Cognitive therapy for depressed adults with comorbid social phobia.

作者信息

Smits Jasper A J, Minhajuddin Abu, Jarrett Robin B

机构信息

Department of Psychology, Southern Methodist University, Dedman College, P.O. Box 750442, Dallas, TX 75275, United States.

出版信息

J Affect Disord. 2009 Apr;114(1-3):271-8. doi: 10.1016/j.jad.2008.08.008. Epub 2008 Sep 18.

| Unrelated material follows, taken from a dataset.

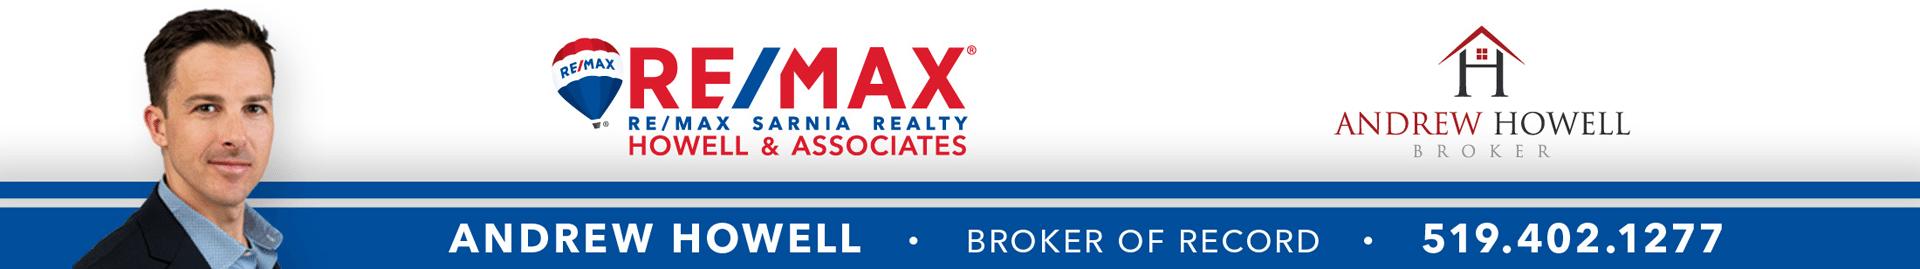 Andrew Howell – ReMax Sarnia Realty – Howell & Associates  Logo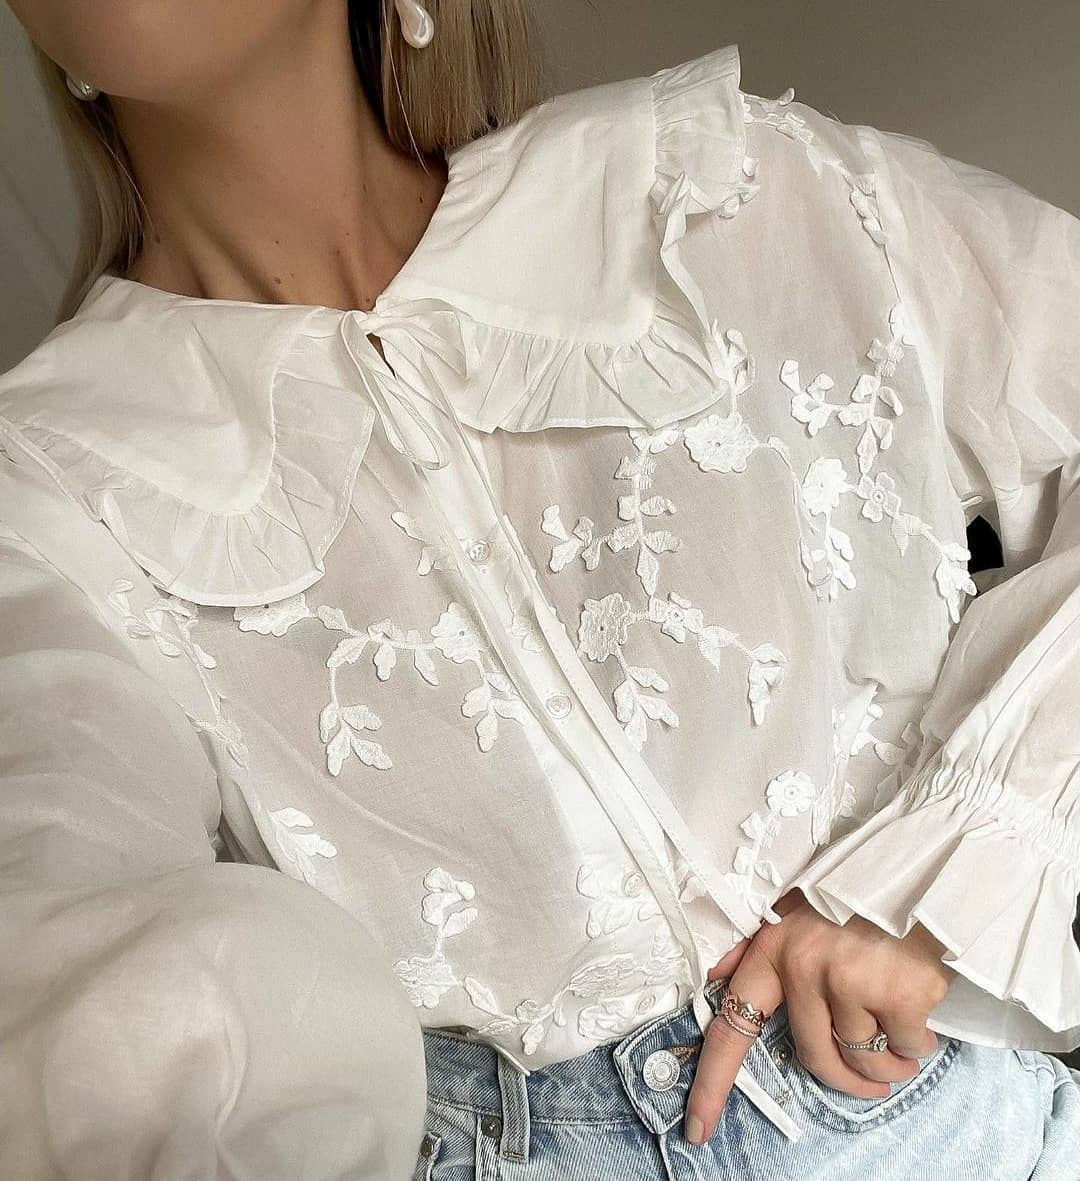 blouse ibiza de Mango sur mangooutfits

DOI:10.1016/j.jad.2008.08.008
PMID:18804285
原文链接:https://pmc.ncbi.nlm.nih.gov/articles/PMC2677376/
Abstract

BACKGROUND

Evidence suggests that comorbid depression influences the outcome of cognitive-behavioral treatment for patients presenting with social phobia. Little is known, however, about the influence of comorbid social phobia on the response to cognitive therapy (CT) for depression among adults presenting with recurrent major depressive disorder (MDD). These analyses seek to clarify this relationship.

METHODS

Patients (N=156) with recurrent DSM-IV MDD entered CT (20% also met DSM-IV criteria for social phobia). Every week during the course of CT, clinicians assessed depressive symptoms and patients completed self-report instruments measuring severity of depression and anxiety.

RESULTS

At presentation, outpatients with comorbid social phobia reported greater levels of depressive symptoms and clinicians rated their impairment as more severe, compared to their counterparts without social phobia. Patients with or without comorbid social phobia did not differ significantly in (1) attrition rates; (2) response or sustained remission rates; (3) time to response or sustained remission; or (4) rate of improvement in symptoms of depression or anxiety.

LIMITATIONS

The lack of domain-specific measures limits inference with respect to the improvements in social anxiety that occur with CT of depression.

CONCLUSIONS

These findings introduce the hypothesis that CT for depression may be flexible enough to treat the depressive symptoms of patients presenting with MDD who also suffer from social phobia.

摘要

背景

有证据表明,共病的抑郁症会影响社交恐惧症患者认知行为治疗的效果。然而,对于复发性重度抑郁症(MDD)成人患者中,共病的社交恐惧症对抑郁症认知疗法(CT)反应的影响却知之甚少。这些分析旨在阐明这种关系。

方法

156例复发性DSM-IV重度抑郁症患者接受了认知疗法(其中20%也符合DSM-IV社交恐惧症标准)。在认知疗法过程中,临床医生每周评估抑郁症状,患者完成自我报告工具,测量抑郁和焦虑的严重程度。

结果

就诊时,与无社交恐惧症的患者相比,共病社交恐惧症的门诊患者报告的抑郁症状水平更高,临床医生对其损害程度的评定也更严重。有无共病社交恐惧症的患者在以下方面无显著差异:(1)脱落率;(2)缓解或持续缓解率;(3)达到缓解或持续缓解的时间;(4)抑郁或焦虑症状的改善率。

局限性

缺乏特定领域的测量方法限制了对抑郁症认知疗法后社交焦虑改善情况的推断。

结论

这些发现提出了一个假设,即抑郁症的认知疗法可能足够灵活,能够治疗同时患有社交恐惧症的MDD患者的抑郁症状。